Among the hyperscalers, Microsoft has moved most aggressively on nuclear. Beyond the Three Mile Island restart, Microsoft has:

• An agreement with Constellation Energy to purchase nuclear power for its US data center fleet through 2033
• A partnership with TerraPower to support SMR development
• Internal plans to deploy SMRs adjacent to data centers in the 2030s as the technology matures

Microsoft has framed nuclear as essential to its commitment to becoming carbon negative by 2030. Given the math on AI energy consumption, no credible path to that goal exists without nuclear or some other firm carbon-free power source at scale.

The AI + Fusion Angle

Separately from fission-based nuclear power, AI is playing a role in accelerating nuclear fusion research. Fusion — the power source of stars, and the decades-long holy grail of clean energy — has moved closer to practical reality, partly due to AI-assisted plasma physics modeling.

Google DeepMind's partnership with the UK's Tokamak Energy published results in 2024 showing AI control systems that could maintain plasma stability in tokamak reactors more reliably than conventional control approaches. Commonwealth Fusion Systems, backed by significant private investment including from the Gates Foundation and major tech companies, is targeting a demonstration reactor in the late 2020s.

Fusion won't power AI data centers in the near term. But the combination of AI-accelerated fusion research and AI-driven demand for energy creates an interesting long-term alignment: the industry creating the demand is also helping develop the technology to meet it.

Safety, Waste, and Public Perception

Nuclear energy's return to the mainstream hasn't been without friction. The waste disposal problem remains unresolved — the US still lacks a permanent high-level nuclear waste repository. SMR developers argue their designs produce significantly less waste per unit of energy than traditional reactors, but "significantly less" is not "none."

Public perception has shifted somewhat.
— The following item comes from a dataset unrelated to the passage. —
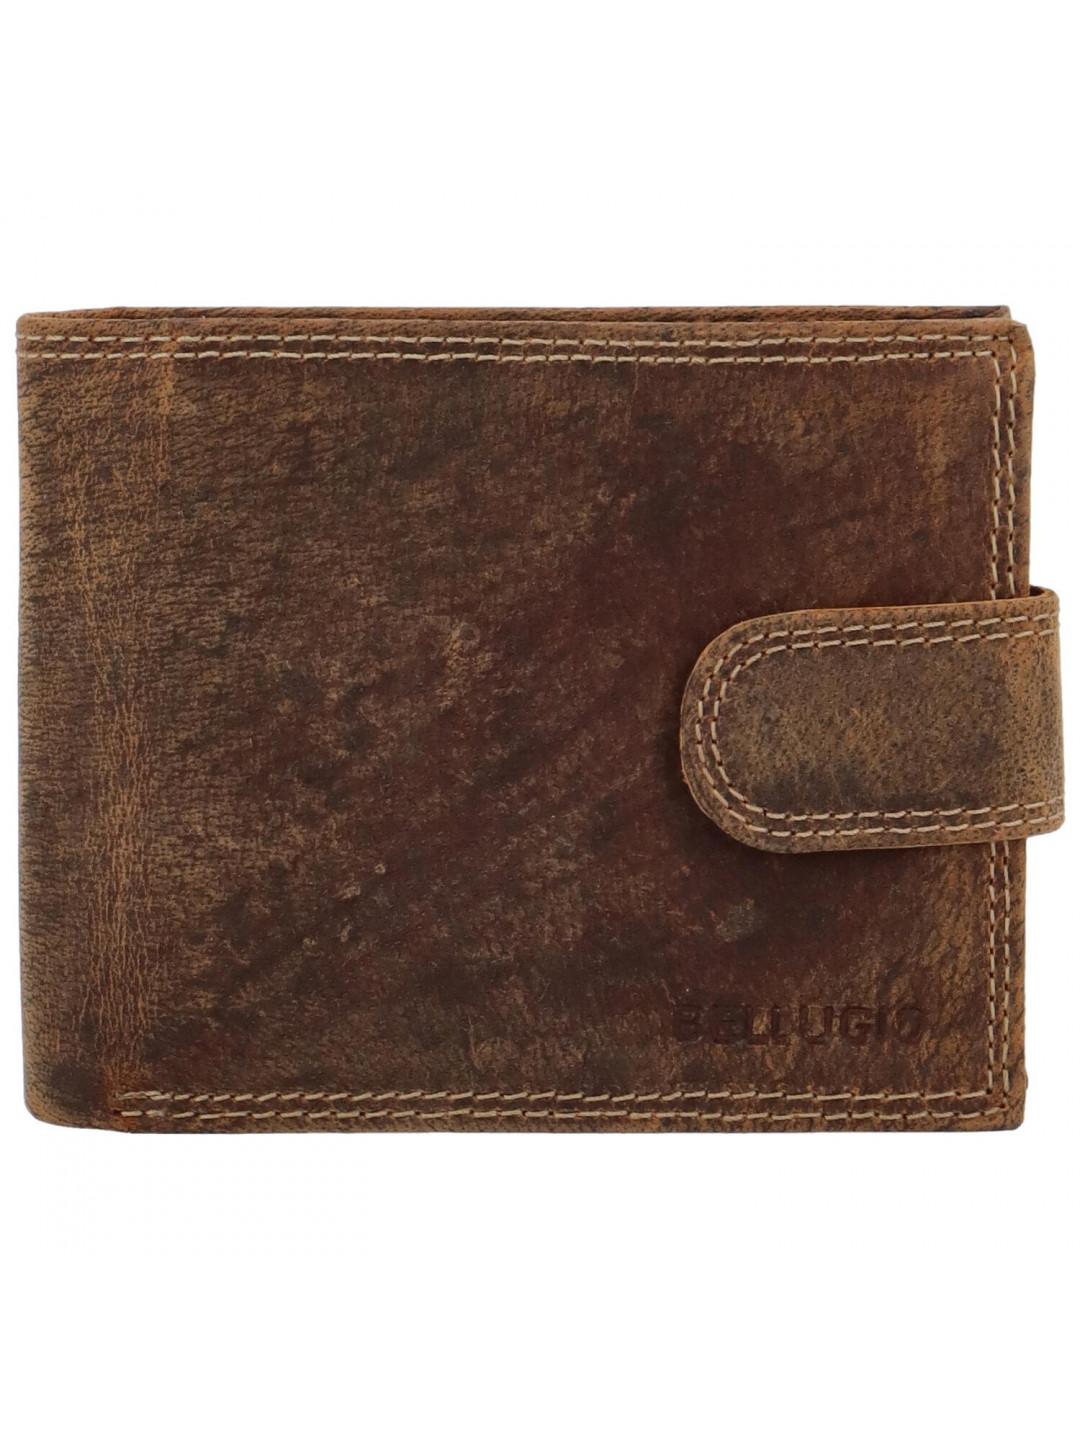 Pánská kožená peněženka na šířku Bellugio Louis tmavě hnědá

Polling in 2025-2026 shows majority support for nuclear energy among 18-35 year olds in the US and UK — a reversal of historical patterns driven partly by climate urgency and partly by tech industry association making nuclear feel more modern and less legacy.

Opposition remains strongest in communities near proposed reactor sites and among a subset of environmental organizations, though major environmental groups like the Sierra Club have moderated their historical opposition in light of climate priorities.
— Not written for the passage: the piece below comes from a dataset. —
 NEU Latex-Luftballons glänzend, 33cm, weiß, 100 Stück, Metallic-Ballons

What This Means for AI Infrastructure Planning

For organizations planning significant AI infrastructure investment, the nuclear picture suggests:

• Data center location matters more than it used to. Jurisdictions with access to nuclear power — Pennsylvania, Illinois, Virginia in the US; France and the UK in Europe — will have structural cost and reliability advantages for energy-intensive AI workloads over the next decade.
• Power purchase agreements are competitive. The best nuclear PPAs are being claimed by hyperscalers with long-term commitments. Smaller organizations may find it harder to access reliable carbon-free firm power at competitive prices.
• SMR timelines are real but uncertain. Factor SMR commercial delivery as a 2028-2032 possibility, not a guarantee. Infrastructure plans that depend on SMR power in 2027 are risky.

The Bottom Line

AI's energy demands are real, growing, and not solved by solar and wind alone. Nuclear power — both existing plants and SMRs in development — represents the most credible path to firm, carbon-free power at the scale AI infrastructure requires. The tech industry has made its bet clear. The question is whether the nuclear industry can execute on the timeline.